8th Speaker of the National Assembly of Kenya
- Incumbent
- Assumed office 8 September 2022
- Preceded by: Justin Muturi

Leader of Minority in the Senate
- In office 17 April 2013 – 15 March 2018
- Preceded by: Position established
- Succeeded by: James Aggrey Orengo

Senator for Bungoma County
- In office 28 March 2013 – 8 September 2022
- Preceded by: Position established
- Succeeded by: Wafula Wakoli

Minister for Trade
- In office 27 March 2012 – 10 April 2013
- President: Mwai Kibaki
- Preceded by: Chirau Ali Mwakwere
- Succeeded by: Position abolished

21st Minister for Foreign Affairs
- In office 10 January 2008 – 27 March 2012
- President: Mwai Kibaki
- Preceded by: Raphael Tuju
- Succeeded by: George Saitoti (acting)

Assistant Minister for Foreign Affairs
- In office 17 June 2003 – 10 January 2008
- President: Mwai Kibaki

Member of Parliament
- In office 9 January 2003 – 14 January 2013
- Preceded by: John Barasa Munyasia
- Succeeded by: John Waluke Koyi
- Constituency: Sirisia

Nominated Member of Parliament
- In office 26 January 1993 – 10 November 1997
- President: Daniel arap Moi

Personal details
- Born: Moses Masika Wetang'ula 13 September 1956 (age 69) Nalondo, Bungoma County, Kenya (then North Nyanza District, Colony and Protectorate of Kenya)
- Party: FORD-Kenya Kenya Kwanza
- Other political affiliations: KANU (before 1997)
- Spouse(s): Phyllis Wetang'ula, Ann Wacheke Wetangula and others
- Relations: Timothy Wanyonyi Wetangula (brother)
- Children: 5
- Parent: Mzee Dominic Wetang'ula (father);
- Alma mater: University of Nairobi (LLB)
- Occupation: Politician
- Profession: Lawyer
- Website: http://www.parliament.go.ke https://www.facebook.com/WetaMosse

= Moses Wetang'ula =

8th and Current Speaker of the National Assembly of Kenya

Moses Francis Masika Wetang'ula (born 13 September 1956), is the Speaker of the National Assembly of Kenya in 2025, after being elected on September 8, 2022. He is also the leader of the FORD-Kenya, one of the most popular political parties in Western Kenya.
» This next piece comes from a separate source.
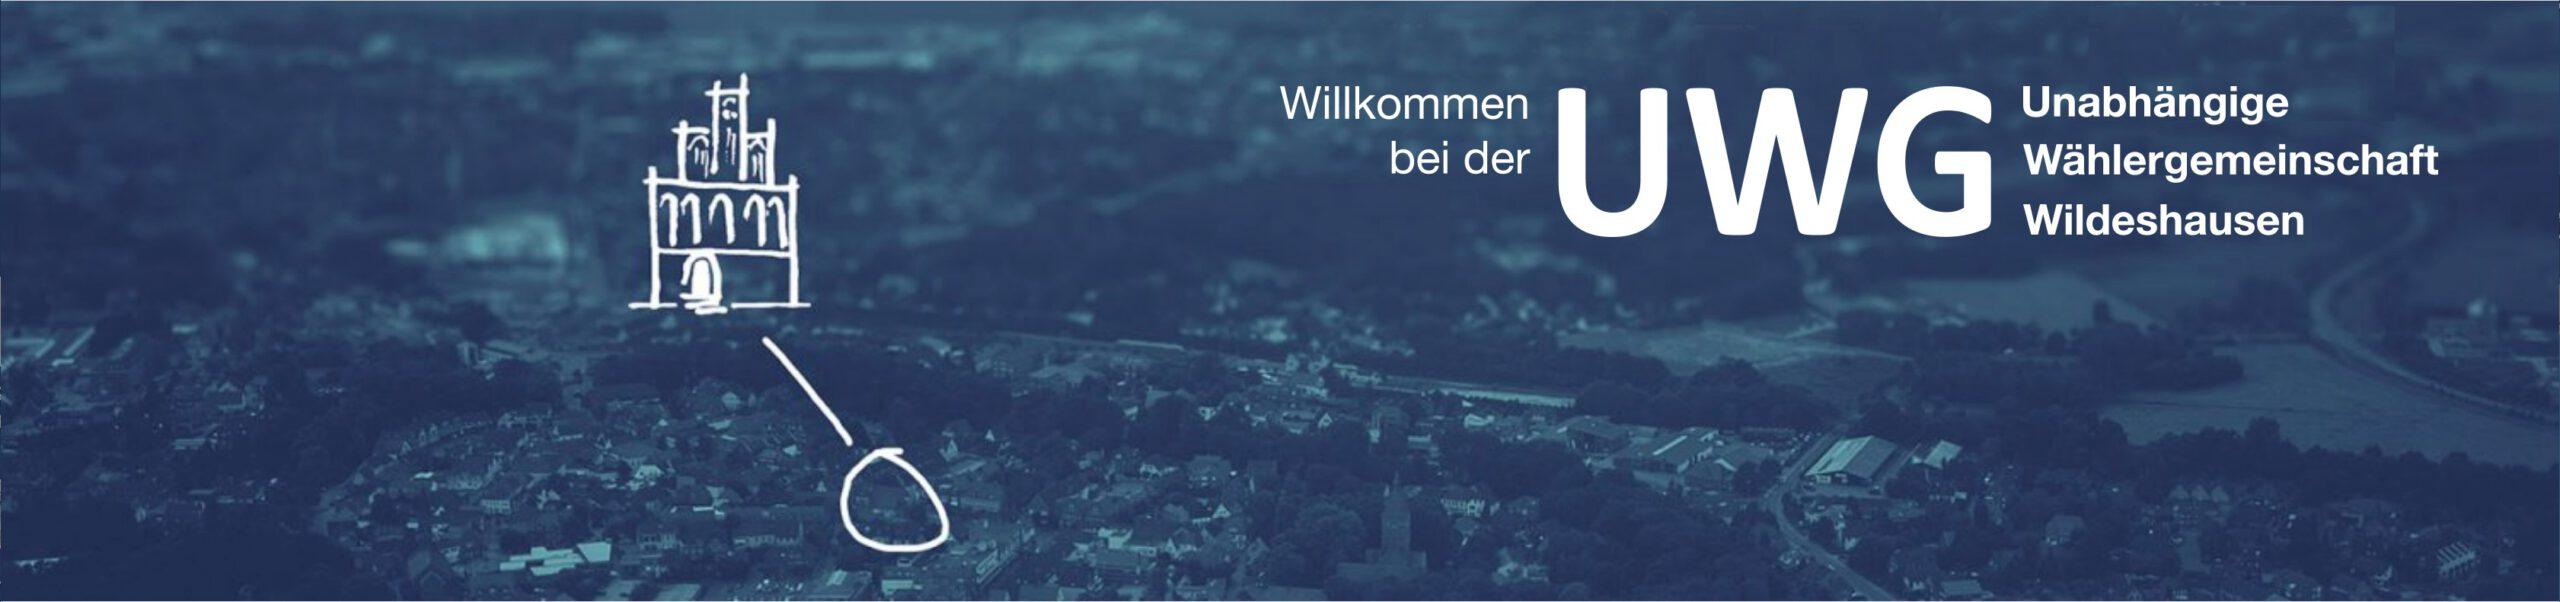 UWG Wildeshausen

He served as Kenya's Minister for Foreign Affairs from 2008 to 2010 and from 2011 to 2012, and as Minister for Trade from 2012 to 2013.

==Early life and education==
Wetangula attended Nalondo Primary School, Busakala Secondary school, Teremi Secondary School, and Friends School Kamusinga. He graduated from the University of Nairobi with a Bachelor of Laws (LLB) degree. He was a member of the Board of Directors of ICROSS Kenya from 1989, until he became Kenya's Minister for Foreign Affairs.

==Political career==

Wetangula was nominated as a Kanu MP after the 1992 general election, serving until 1997. He had served as a magistrate before his nomination and later as chairman of the Electricity Regulatory Board after his 1997 election loss. Wetangula actively participated in organisation of funds-drives to set up projects on self-help basis and has been offering legal services to the local people. He has mobilised women and the youth to initiate income generating projects.

Wetangula was elected to the National Assembly in the December 2002 parliamentary election, and has never lost in any of the election he has participated ever since. He was appointed into the cabinet by President Mwai Kibaki on 8 January 2008, amid Kenyan crisis, 2007-2008 regarding the results of the concurrent presidential election, Wetangula was named Minister for Foreign Affairs. Later in January, in reaction to criticism from the United Kingdom regarding the presidential election, Wetangula summoned the United Kingdom's High Commissioner, Adam Wood, to complain, and he said that "our elections don't need a stamp of authority from the House of Commons". After a power-sharing agreement was reached between Kibaki and Raila Odinga, both of whom claimed victory in the presidential election, Wetangula retained his post in the Grand Coalition Cabinet named on 13 April 2008.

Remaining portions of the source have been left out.